We've been updating our models one datapoint at a time sofar. Although this way of training allows us to explain very clearly what is happening it's a better idea to learn on batches of data instead.
So let's demonstrate a practical way to go about that. Let's first create a .csv
file on disk.
import pandas as pd
from sklearn.datasets import make_regression
X, y, w = make_regression(n_features=2, n_samples=4000,
random_state=42, coef=True, noise=1.0)
y = y + 1.5
X_train, X_test, y_train, y_test = train_test_split(X, y,
test_size=0.5,
random_state=42)
df_save = pd.DataFrame(X).assign(y=y)
df_save.columns = ["x1", "x2", "y"]
df_save.to_csv("batch_example.csv", index=False)
Let's now read this file in chunks. Pandas has a like-able functionality for this!

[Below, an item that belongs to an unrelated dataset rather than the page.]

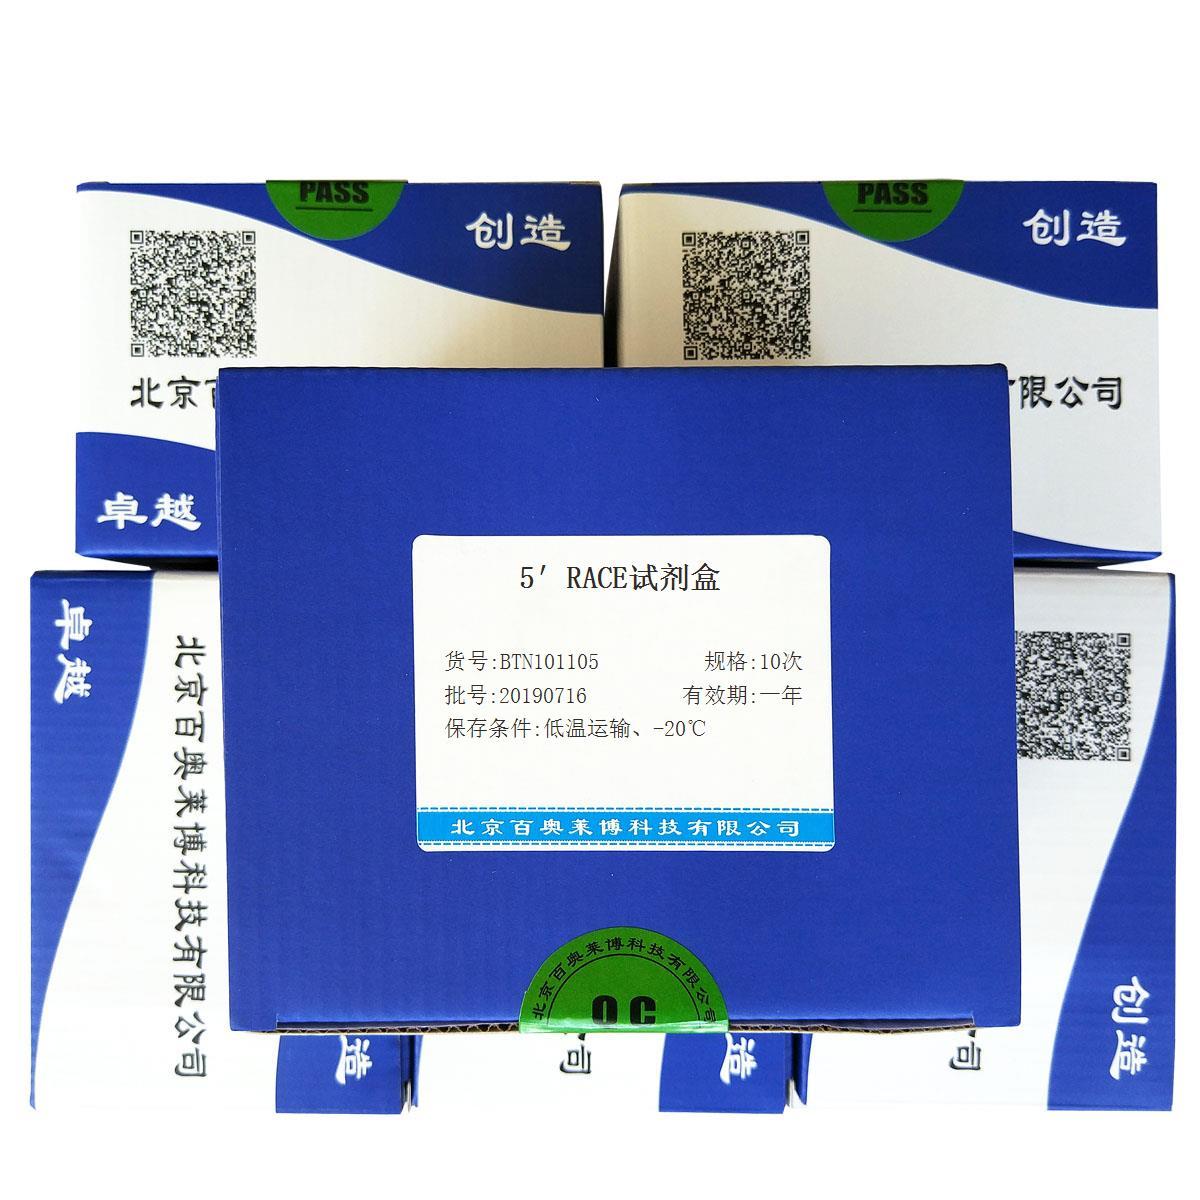 5′RACE试剂盒北京厂家

chunked = pd.read_csv("batch_example.csv", chunksize=1000)
for chunk in chunked:
print(chunk)
The chunked
object is like a python generator and each chunk
in our loop represents a pandas dataframe. Each chunk can be used
as a batch of data for our regressor.
mod = SGDRegressor()
chunked = pd.read_csv("batch_example.csv", chunksize=1000)
for chunk in chunked:
x_to_train = chunk[['x1', 'x2']].values
y_to_train = chunk['y'].values
mod.partial_fit(x_to_train, y_to_train)
This will train our model.
Protip
Try to vary the chunksize when you're trying to use this on your own dataset. It can really impact the speed at which your system will train.